* _Collected data_
= Beginning of Section =

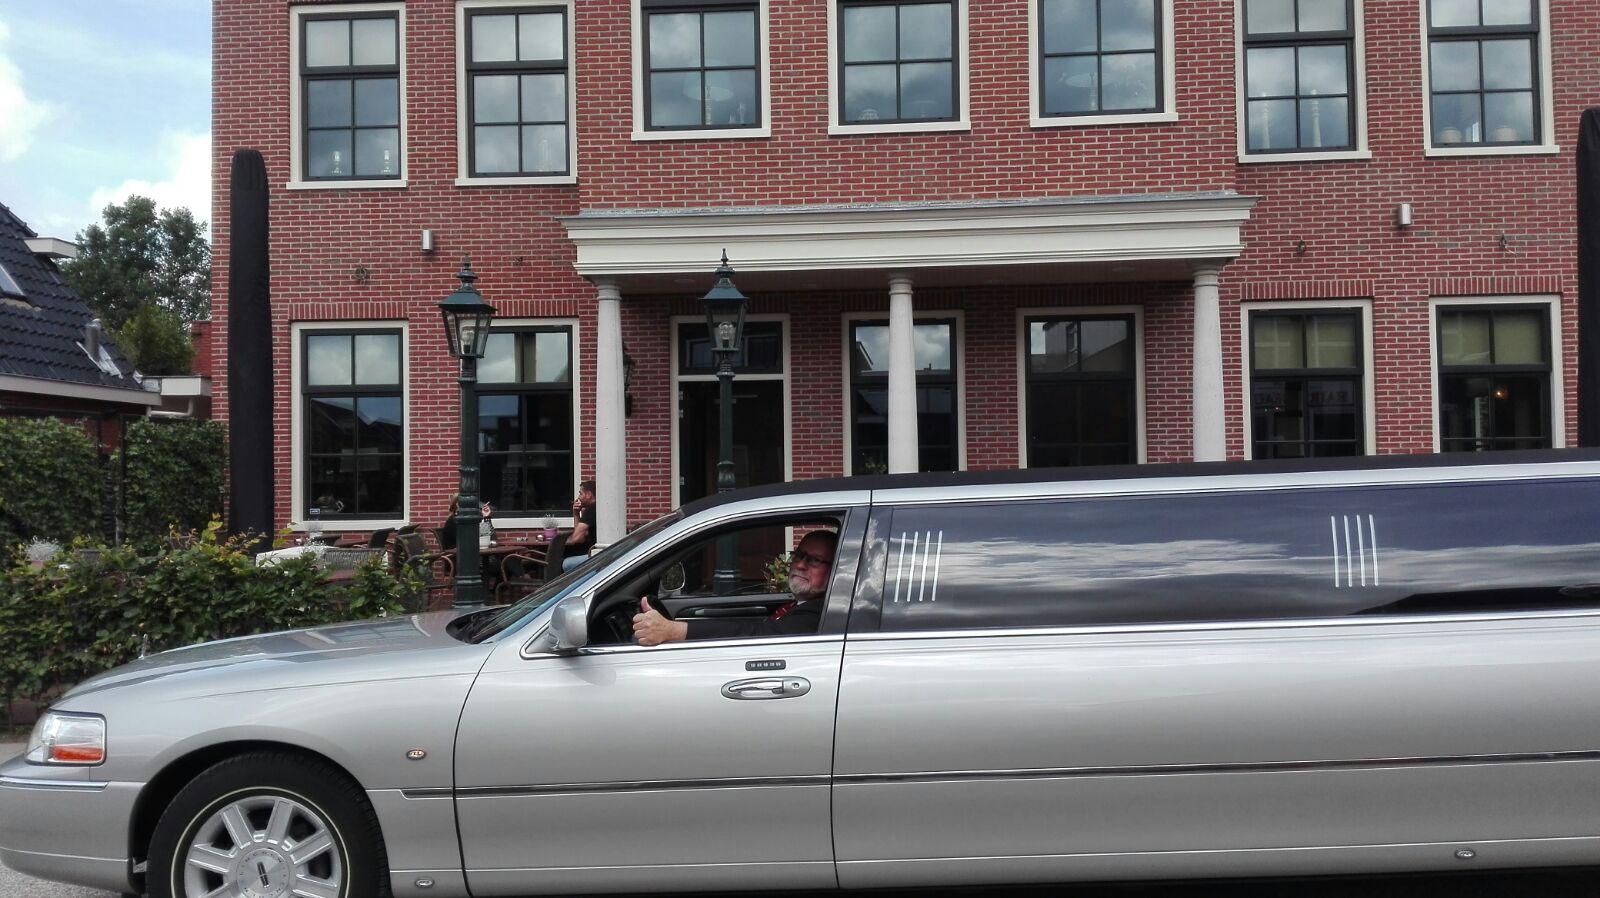 limousine huren vrijgezellenfeest in stijl de postwagen Goedkoop Limousine Verhuur.htm #17
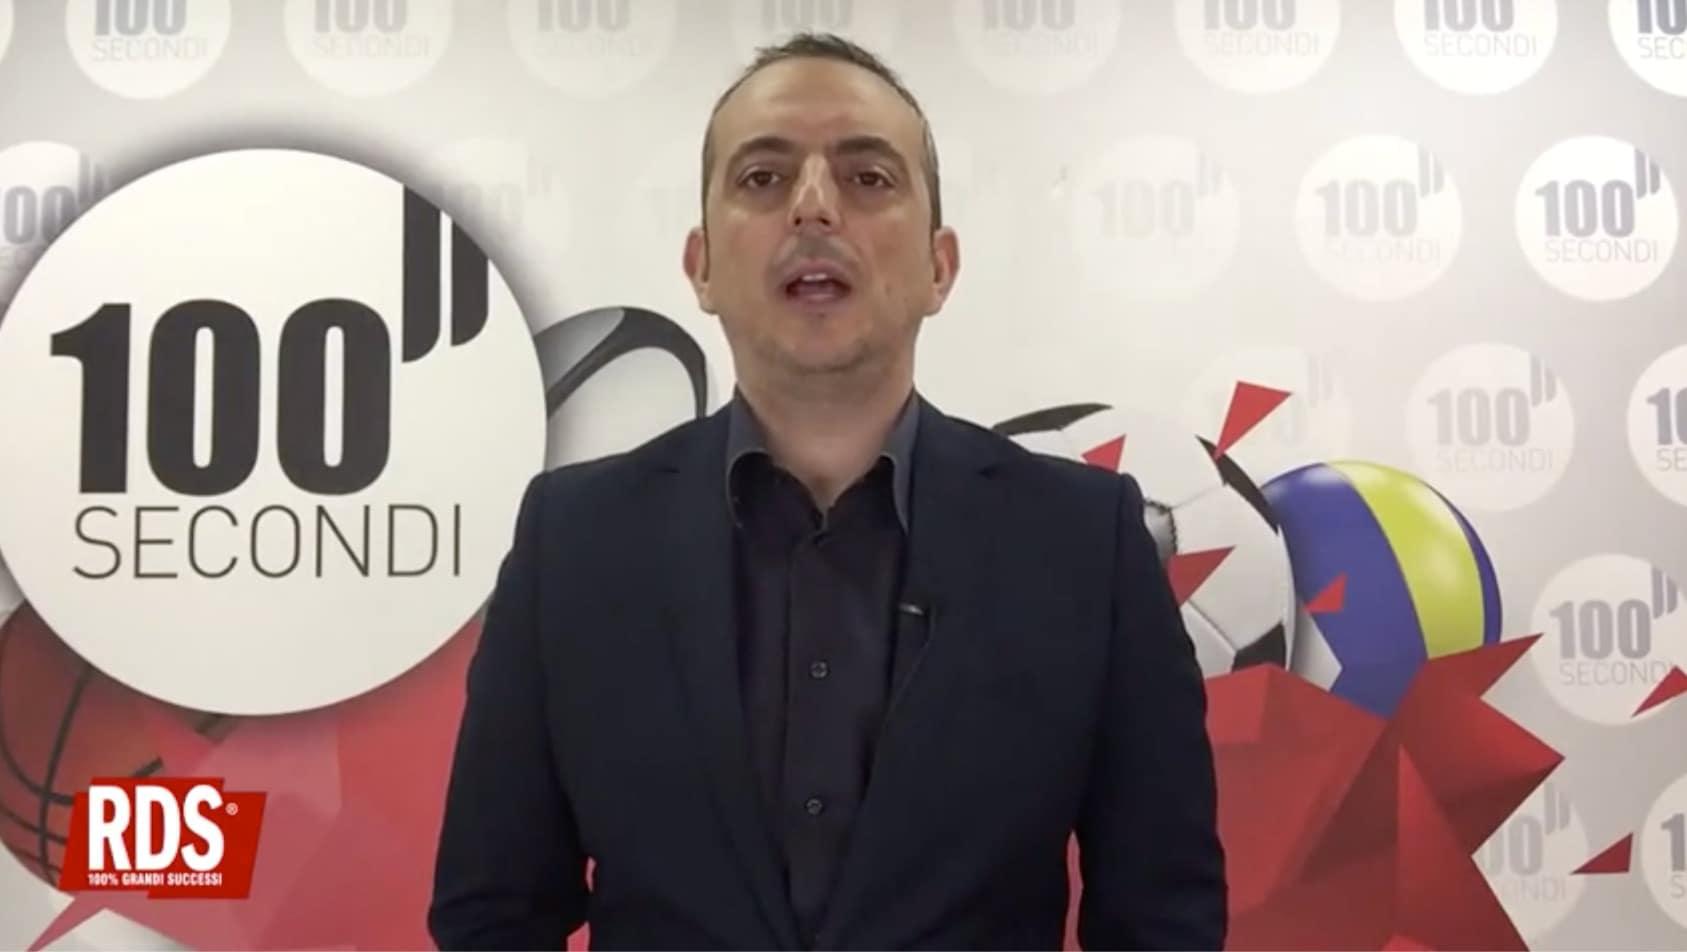 """I 100 secondi di Pasquale Salvione: """"Non solo convincere, Sarri ora deve anche vincere"""""""
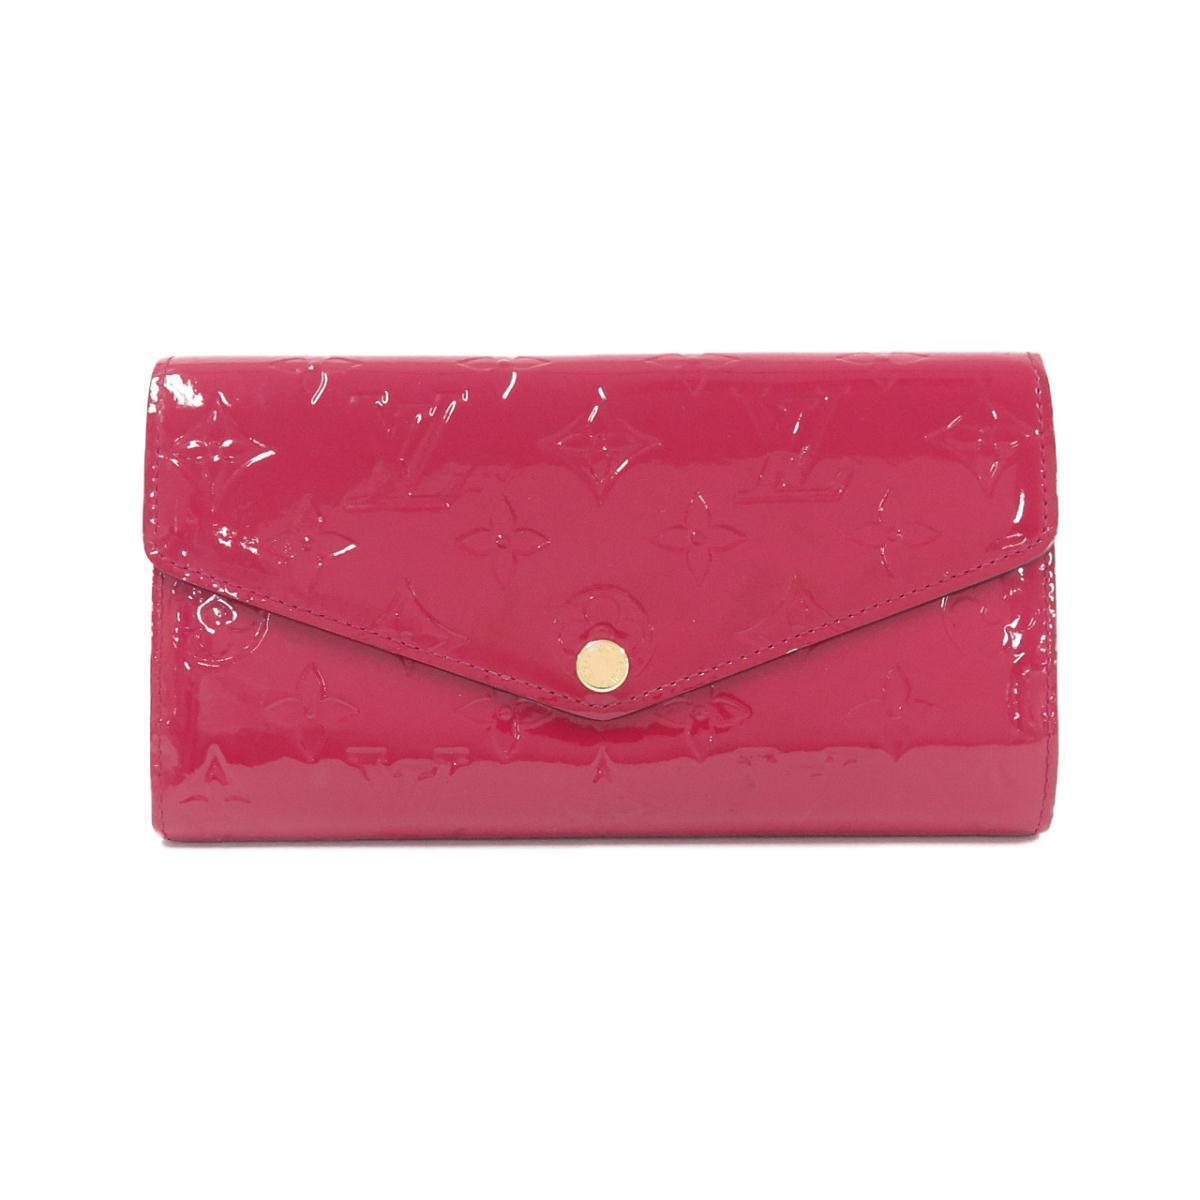 ルイ・ヴィトンのヴェルニ長財布

= End of Section =

* _Description of the task_
Copy the listing exactly, omitting pictures.

* _Response below_
 limousine huren vrijgezellenfeest in stijl de postwagen Goedkoop Limousine Verhuur.htm #17
 """I 100 secondi di Pasquale Salvione: """"Non solo convincere, Sarri ora deve anche vincere"""""""
 ルイ・ヴィトンのヴェルニ長財布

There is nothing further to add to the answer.